Pathway for Olfactory Information

  • Olfactory signals travel through the olfactory cilia to the olfactory bulb, directly to the brain (not mediated by the thalamus).


Touch

  • Touch Receptors:

    • Mechanoreceptors: Respond to mechanical stimuli.

    • Thermoreceptors: Respond to temperature changes.

    • Chemoreceptors: Respond to chemical stimuli.


Pain

  • Adaptive Function: Alerts to injury; promotes protective actions.

    • Types of Pain:

      • Neuropathic Pain: Not adaptive; associated with nerve damage.

      • Inflammatory Pain: Related to activated immune processes.

      • Nociceptive Pain: Linked to tissue-damaging stimuli.


Pain Pathways

  • Fast Pain Pathway: Carries signals for sharp, localized pain (Delta fibers).

  • Slow Pain Pathway: Carries signals for dull, diffuse pain (C fibers).

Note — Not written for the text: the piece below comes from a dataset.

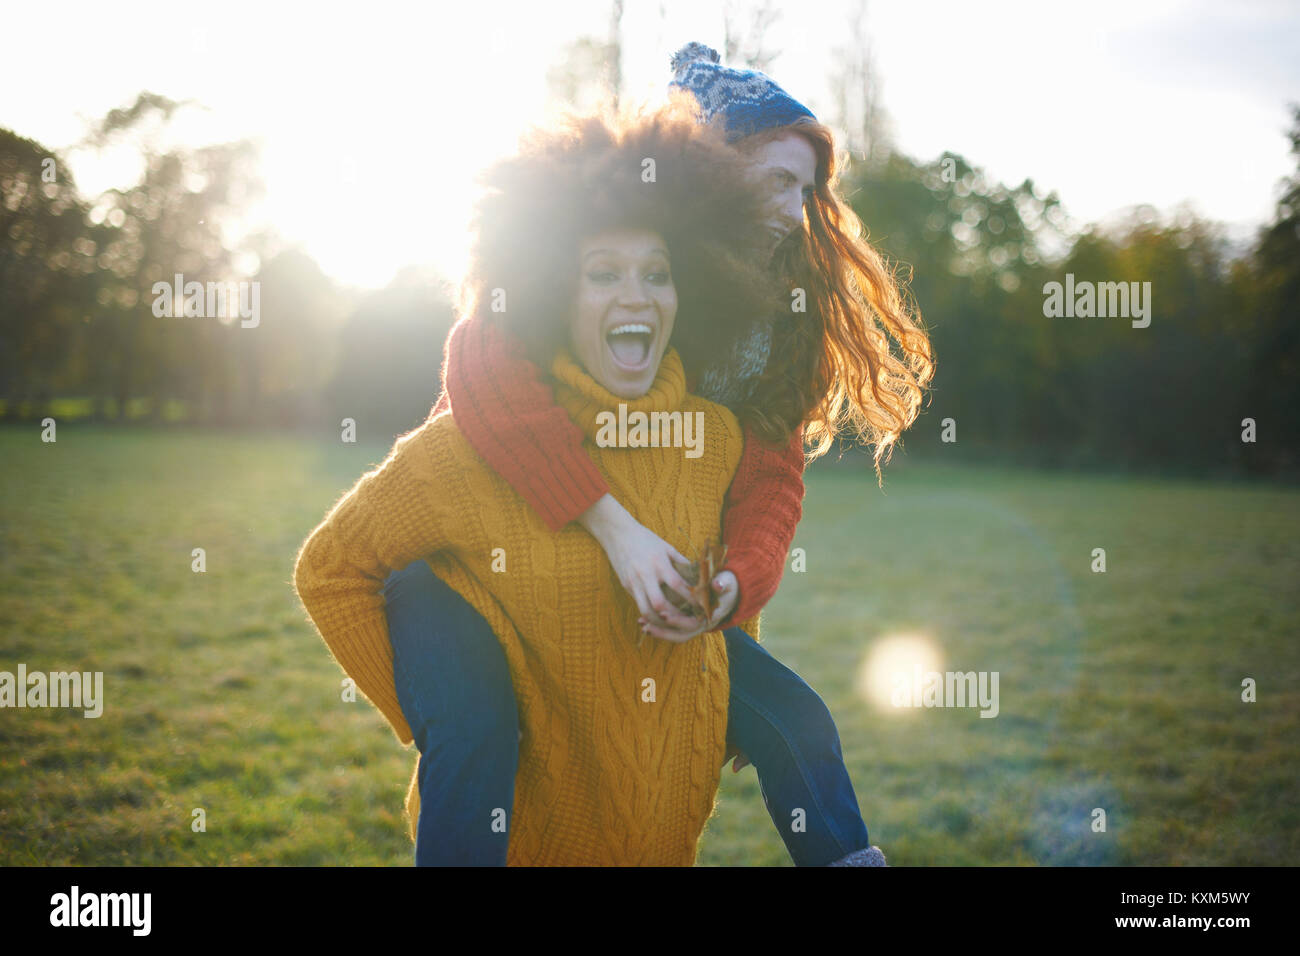 Zwei junge Frauen, die in der ländlichen Umgebung, junge Frau, Freund piggyback Ride Stockbild

Pain Processing in the Brain

  • Processed in the somatosensory cortex, organized somatotopically for spatial representation.


Other Senses

  • Kinesthetic Sense: Awareness of body positions via receptors in joints and muscles.

  • Vestibular Sense: Equilibrium and balance, managed by semicircular canals in the inner ear.


Conclusions

  • Sensation and Perception: Two distinct processes; sensation involves bodily receptors while perception is processed in the brain. They may not always align.